Discussion in 'English Only' started by user_gary, Mar 26, 2007.

  1. user_gary Banned

    India - Jharkhand
    India - Hindi
    I am awaiting for your reply.
    I am waiting for your reply.

    What is the difference with the above sentences?

    Could you clarify it please?
     
  2. I am awaiting your reply.

    I am waiting for your reply.

    'Awaiting' and 'waiting' are verbs with the same meaning. If you use "awaiting" you don't need to use "for".

    LRV
     
  3. Li'l Bull

    Li'l Bull Senior Member

    Spanish (Spain)
    Hi all!

    Is it correct to close an email/letter by saying "Waiting for your reply"?

    e.g. Waiting for your reply,

    John.


    The context would be an email to a stranger, where you are trying to sound casual and friendly.

    Thank you in advance.
     
  4. Enquiring Mind

    Enquiring Mind Senior Member

    UK/Česká republika
    English - the Queen's
    Hello Li'l Bull, no, 'waiting for your reply' is too insistent, to the point of sounding rude. 'Looking forward to receiving your reply' is much better, sounds casual and friendly, but indicates that you are expecting a reply.
     
  5. CORALINNA Senior Member

    Portuguese - Brasil
    I wait for your reply.

    I understand that it can be rude, but is it correct?
     
  6. Egmont Senior Member

    Massachusetts, U.S.
    English - U.S.
    It's correct, but I would never use it.
     
  7. redflight Member

    persian
    I'm waiting for your reply is not rude but I wait for your reply is rude, correct?
    I want to write a letter for apology to my friend for missing her birthday ( I'm practising for ielts sample)
    I think it's informal letter.
    which one is best?
    I am waiting for your reply.
    I am looking forward to your reply.
    I am looking forward to hearing from you.
     
  8. heypresto

    heypresto Senior Member

    South East England
    English - England
    I would go with either 'I'm looking forward to your reply' or 'I'm looking forward to hearing from you'.

    I think I'd prefer the second one.

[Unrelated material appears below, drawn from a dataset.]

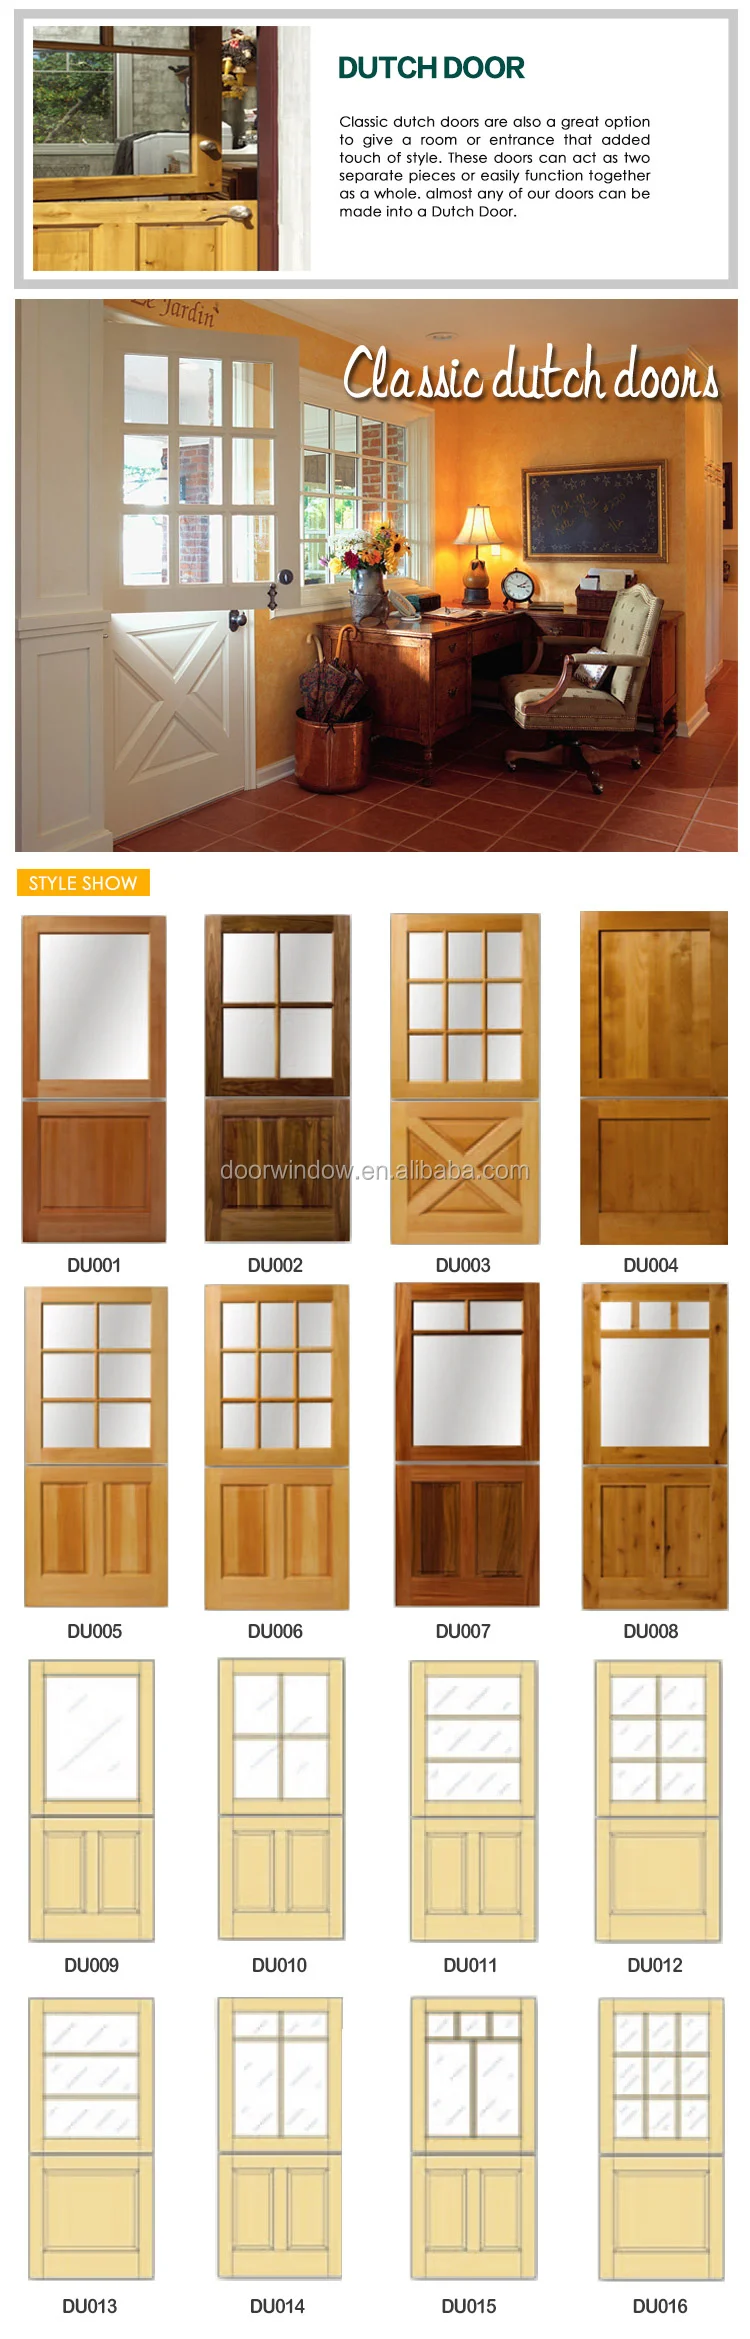 Functional latest design wooden doors half door dutch door for entry gate
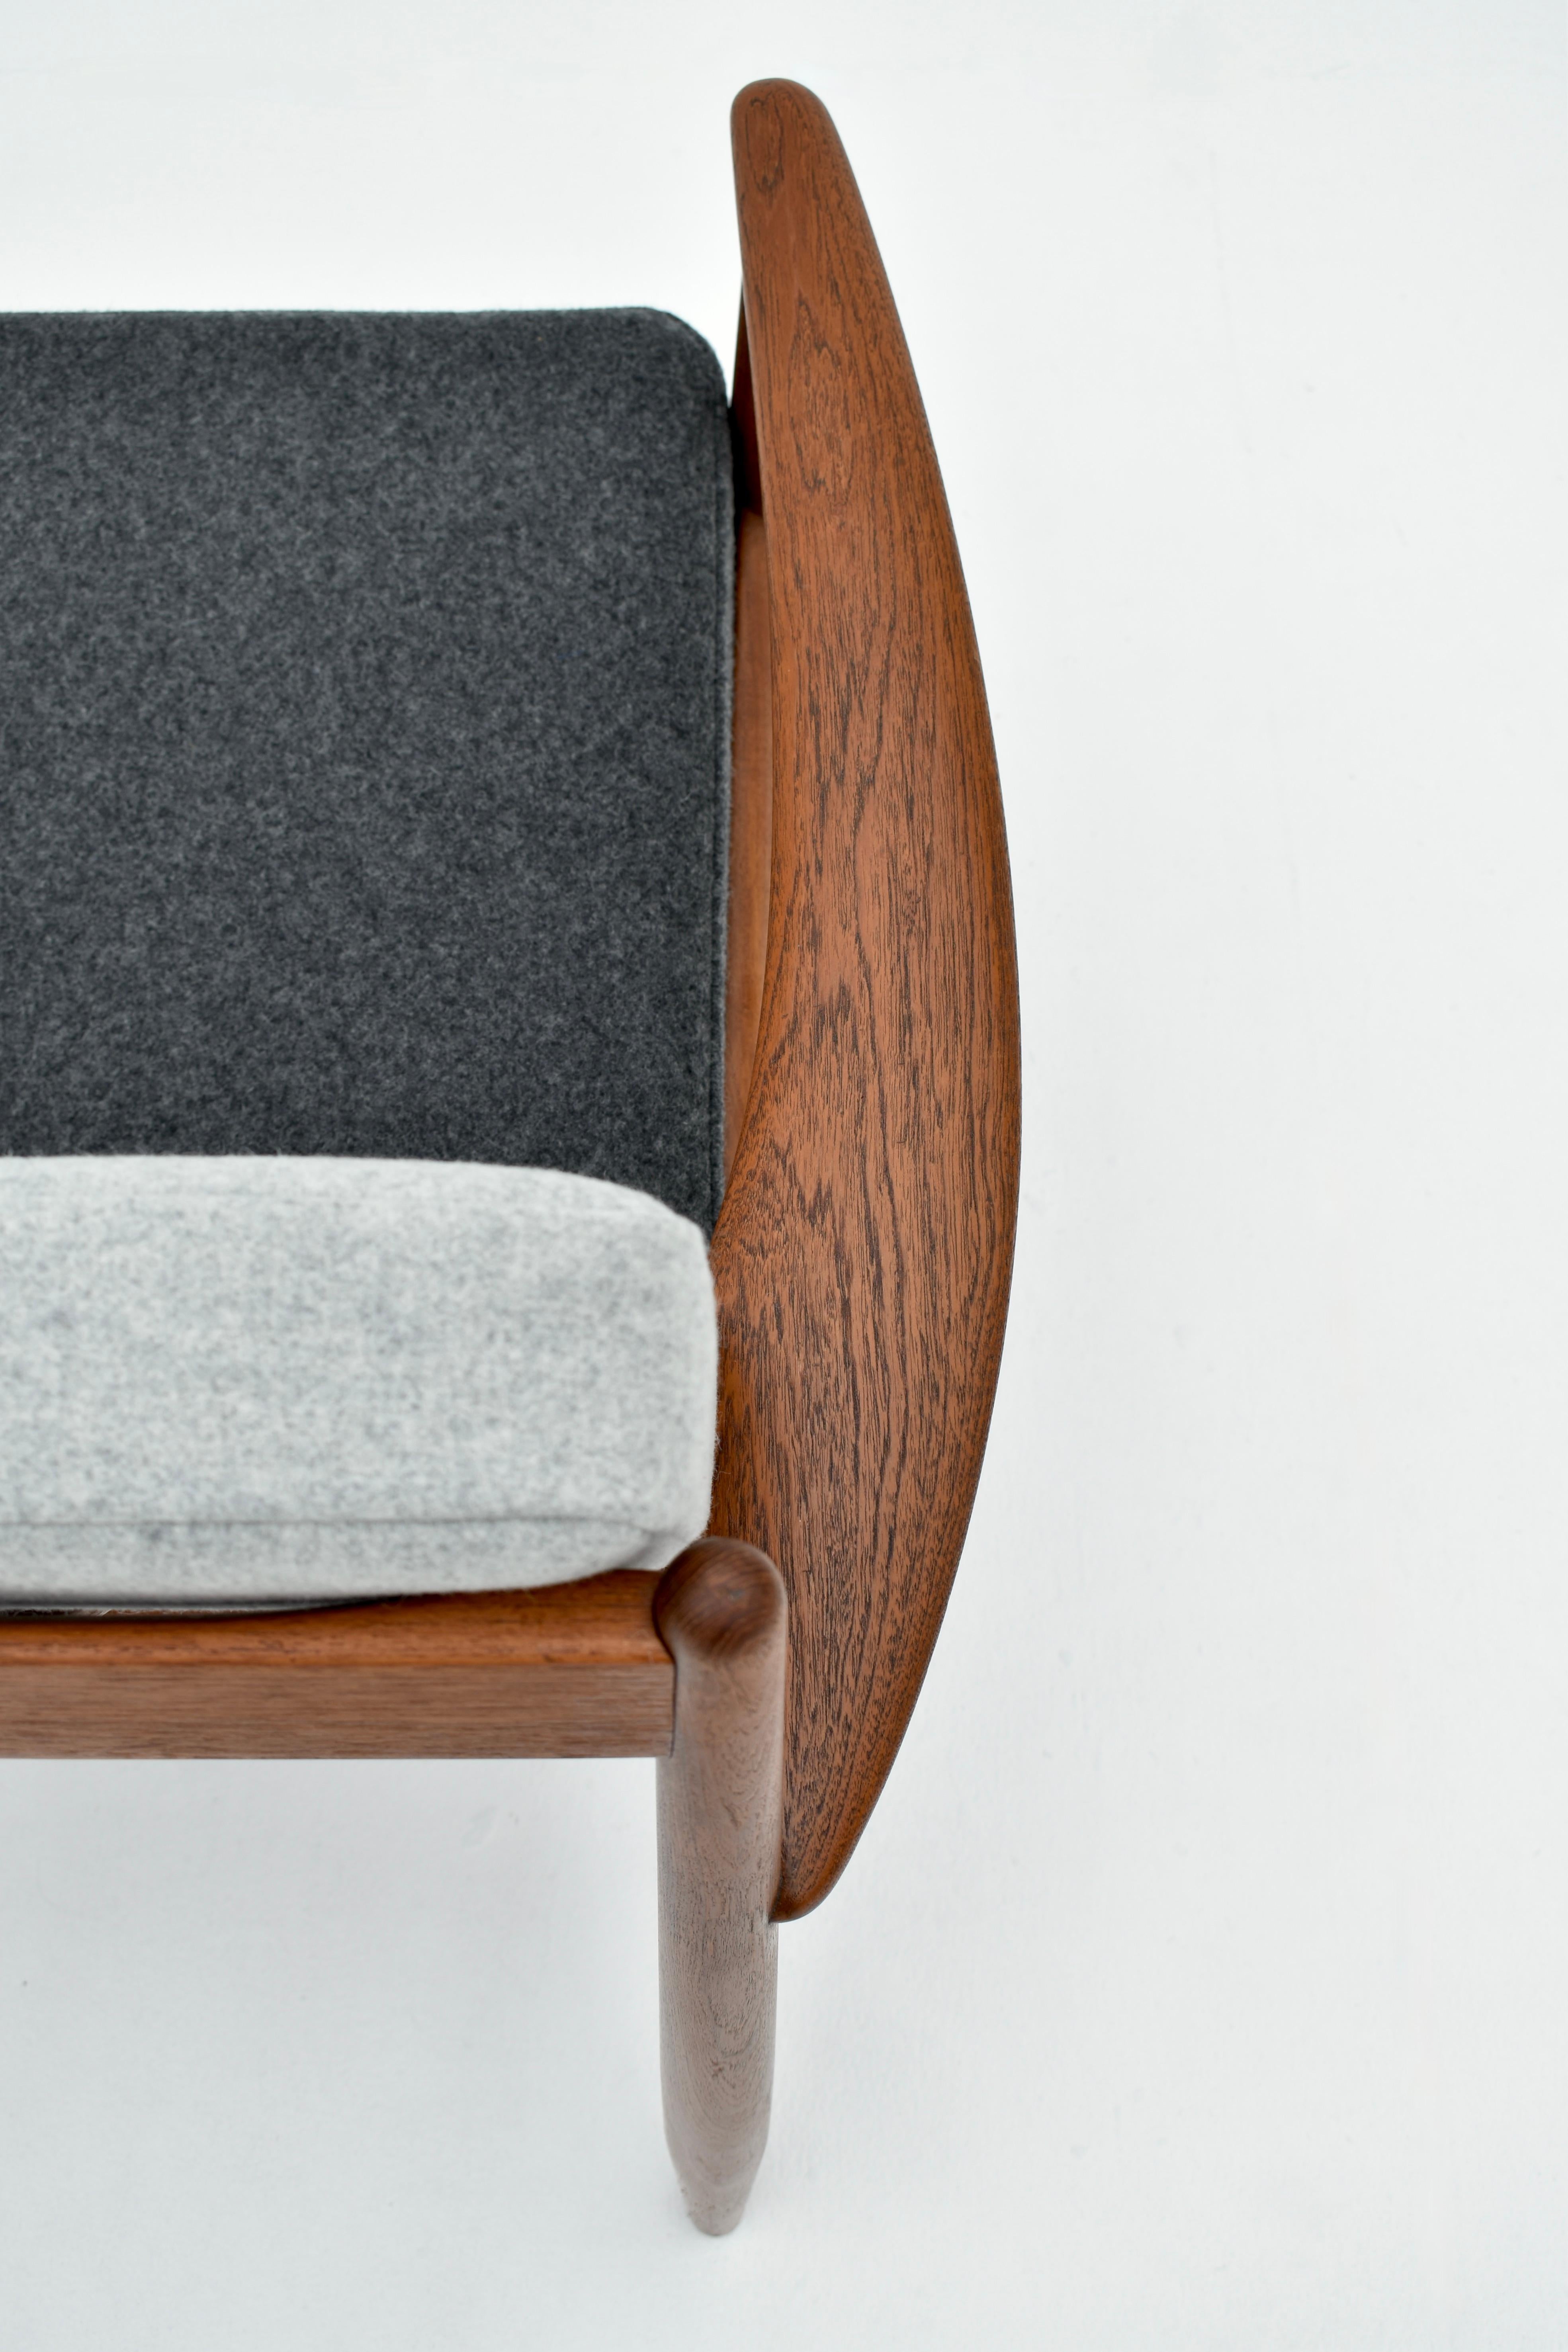 Midcentury Danish Grete Jalk Model 118 Teak Lounge Chair For France & Son 2

It suggests you'd enjoy hearing more than just a reply to whatever you said in this letter.
     
  9. suzi br

    suzi br Senior Member

    Cheshire
    English / England
    1 and 2 sound a bit peremptory in a business context, and are totally unsuitable in style for a friend, especially one you are apologising to.

    I'd advise 3 or something even softer along the lines of "I hope you'll be in touch again soon".